If you’ve been in or around The Quad in the last two and a half months you’ve noticed the major inconvenience and eyesore that is the construction of Troy H. Middleton Library. It began roughly around Oct. 13, when a school wide email was sent out alerting the student body and faculty that everyone would now need to “make a small detour to enter the building.” However, little did students know the project would soon expand and disrupt more than a single entrance.
Currently, you have to walk all the way to the side closest to the Himes Hall to enter the library. There’s also no access to the covered pathway to the left of the entrance. It’s a real bummer on days with heavy rain because students are no longer sheltered from the elements.
In addition to the inconvenience of the entrance location, the email also stated there will be more noise Monday to Friday from 7:30 a.m to 3:30 p.m. The message specifies that the noise will end at 3:30 p.m., saying that like it’s any consolation that when all the students finally finish our classes in buildings near said noise, then the noise will finally be over when we’re all on our way home. It’s not a comforting statement, it’s just plain dumb.
Aside from the extra noise and longer distances students have to endure, the construction has made the already disgusting and dreaded Middleton Library an even worse place to study, when students need it the most. The official email from administration was sent out during midterms week when campus and every nearby coffee shop was already packed with students, now finals are approaching and we still have to deal with construction. It makes absolutely no sense why this project couldn’t wait until the quieter summer months, or have been more speedily done during the long winter break.
As finals approach, students are concerned about graduating, passing classes and acing final exams. It’s hard enough to find conducive, quiet study environments where we thrive. With the library becoming even more hectic with the noise, the single entrance door and pathway crowded by a mob of people, the library has been ticked off of many people’s list of productive study areas.

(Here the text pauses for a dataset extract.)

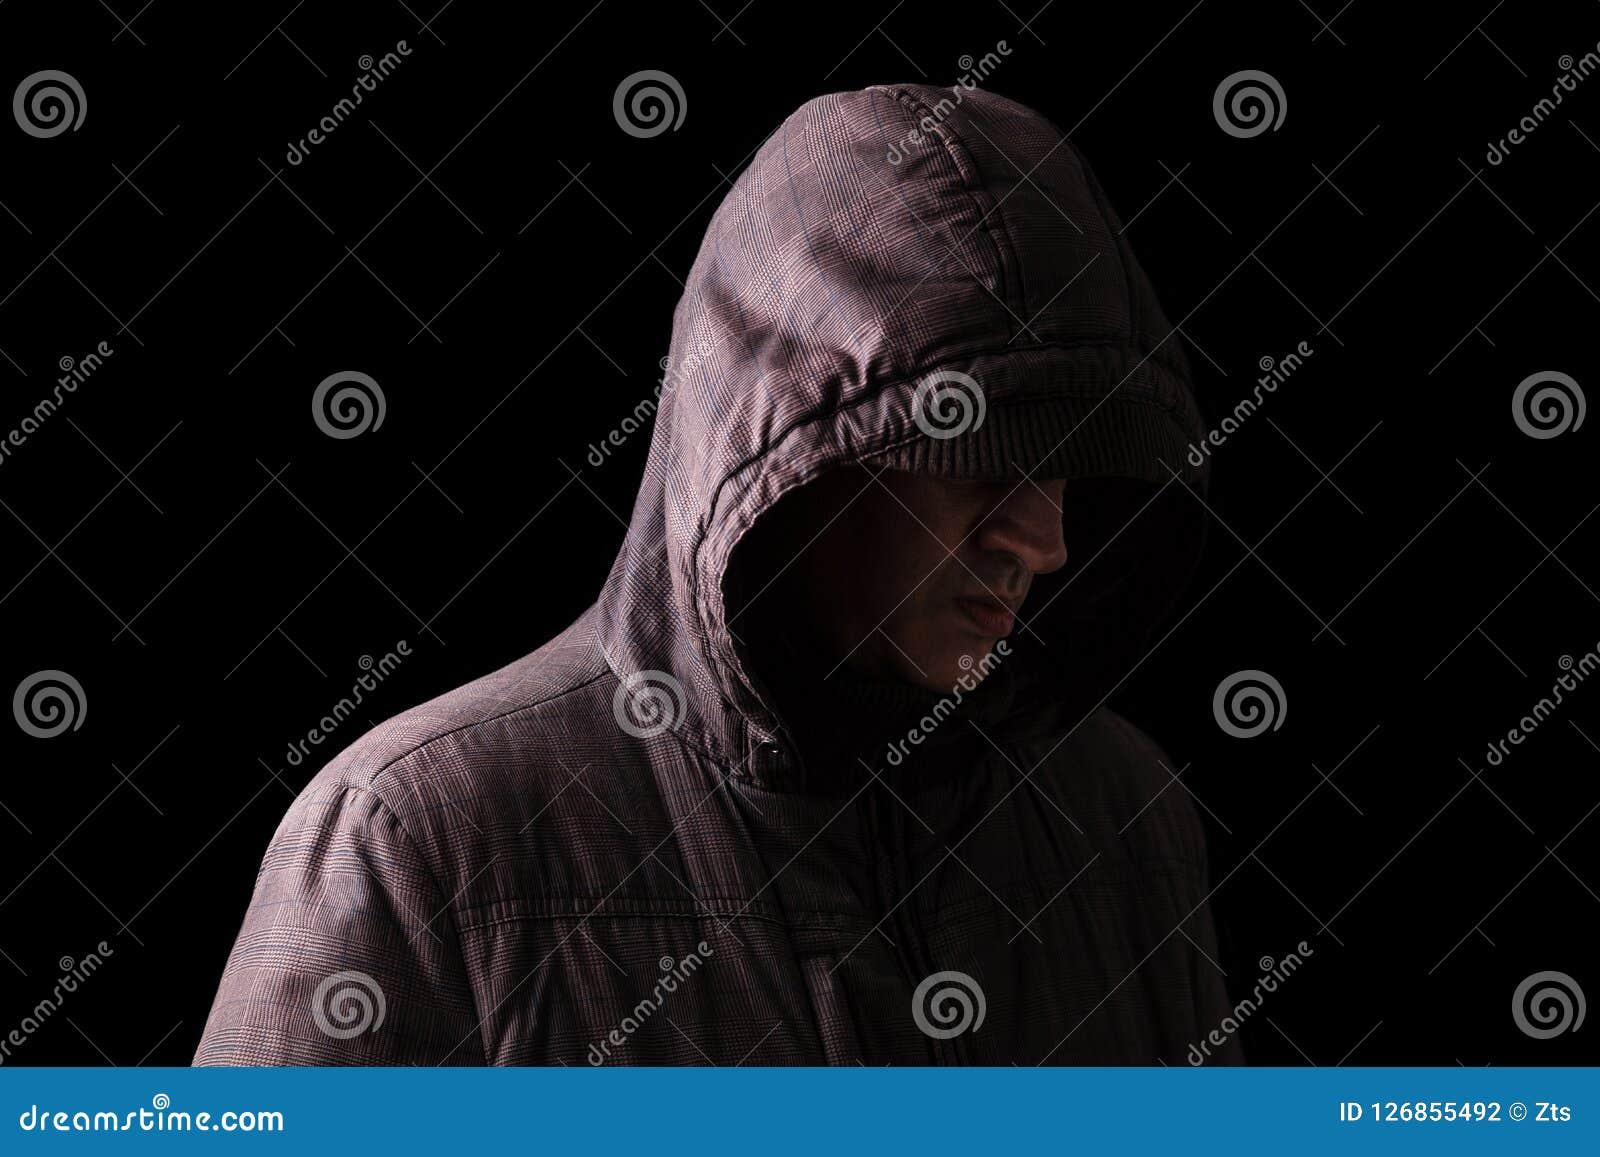 Cara escondendo só, deprimida e frágil do homem caucasiano ou branco, estando na escuridão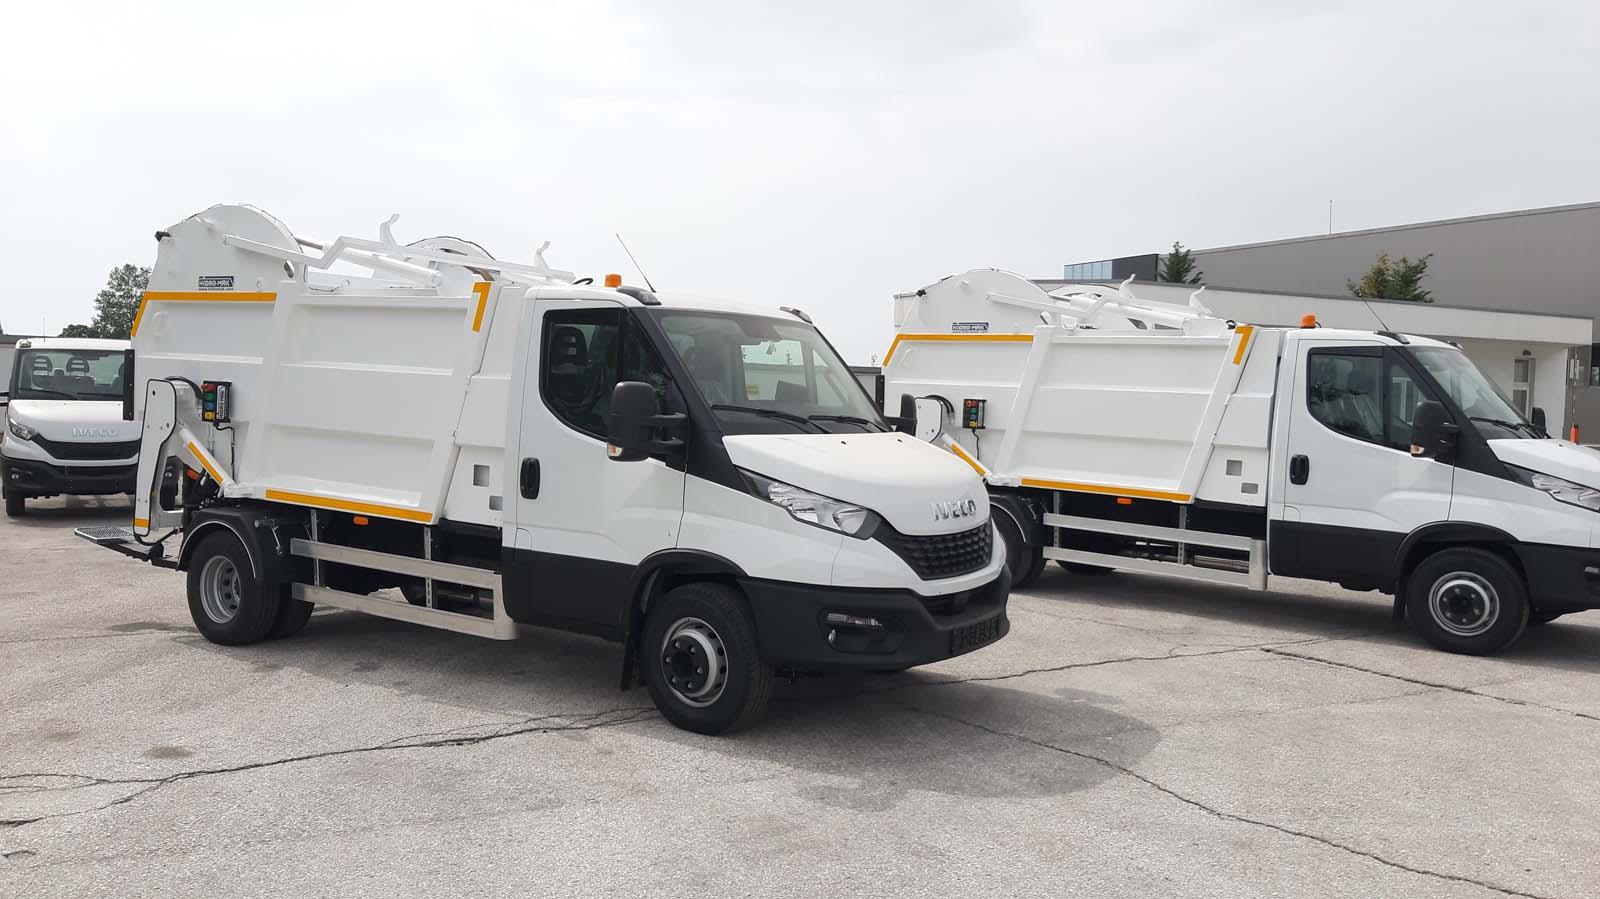 burgas-truck-service-upgrades-1-1

It’s fine if the University wants to make the already crowded quad crazier and further congest the area. It’s not O.K. to make Middleton Library somewhere students can hardly access and can barely concentrate in during midterms and finals. With no official end date, just an estimated date of Jan. 10, 2018, it is utterly unacceptable to most of us hard-working, just-trying-to-get-by students here at the University to make such a terribly planned mistake.
Jordan Miller is a 21-year-old elementary education junior from New Orleans, Louisiana.